--- Raw data ---

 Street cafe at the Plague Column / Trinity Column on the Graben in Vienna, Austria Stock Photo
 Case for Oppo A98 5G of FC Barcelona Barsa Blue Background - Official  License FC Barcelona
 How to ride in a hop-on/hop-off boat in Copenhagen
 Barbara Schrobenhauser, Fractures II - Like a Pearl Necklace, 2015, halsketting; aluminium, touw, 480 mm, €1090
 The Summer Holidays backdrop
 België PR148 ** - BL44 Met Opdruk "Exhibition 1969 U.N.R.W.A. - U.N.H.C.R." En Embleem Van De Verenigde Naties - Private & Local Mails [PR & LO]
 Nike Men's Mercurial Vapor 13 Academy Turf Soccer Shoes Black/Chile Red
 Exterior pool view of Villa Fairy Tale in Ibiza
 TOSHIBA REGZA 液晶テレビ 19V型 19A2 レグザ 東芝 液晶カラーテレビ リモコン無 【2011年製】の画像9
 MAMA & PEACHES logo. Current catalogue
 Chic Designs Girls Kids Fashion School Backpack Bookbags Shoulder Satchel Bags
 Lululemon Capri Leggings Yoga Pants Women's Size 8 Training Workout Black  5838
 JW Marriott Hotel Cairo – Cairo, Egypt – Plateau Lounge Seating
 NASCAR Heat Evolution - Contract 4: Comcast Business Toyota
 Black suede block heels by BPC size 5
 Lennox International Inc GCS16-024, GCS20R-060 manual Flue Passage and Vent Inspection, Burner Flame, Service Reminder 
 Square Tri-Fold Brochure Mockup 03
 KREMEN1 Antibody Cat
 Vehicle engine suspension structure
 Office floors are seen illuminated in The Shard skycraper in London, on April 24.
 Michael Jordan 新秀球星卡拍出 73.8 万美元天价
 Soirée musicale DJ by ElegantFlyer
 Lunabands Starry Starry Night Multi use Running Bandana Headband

---

## How to complete this task
Looking only at the lines of the material above, count those containing "Black" and give that number by itself.

## Reply
3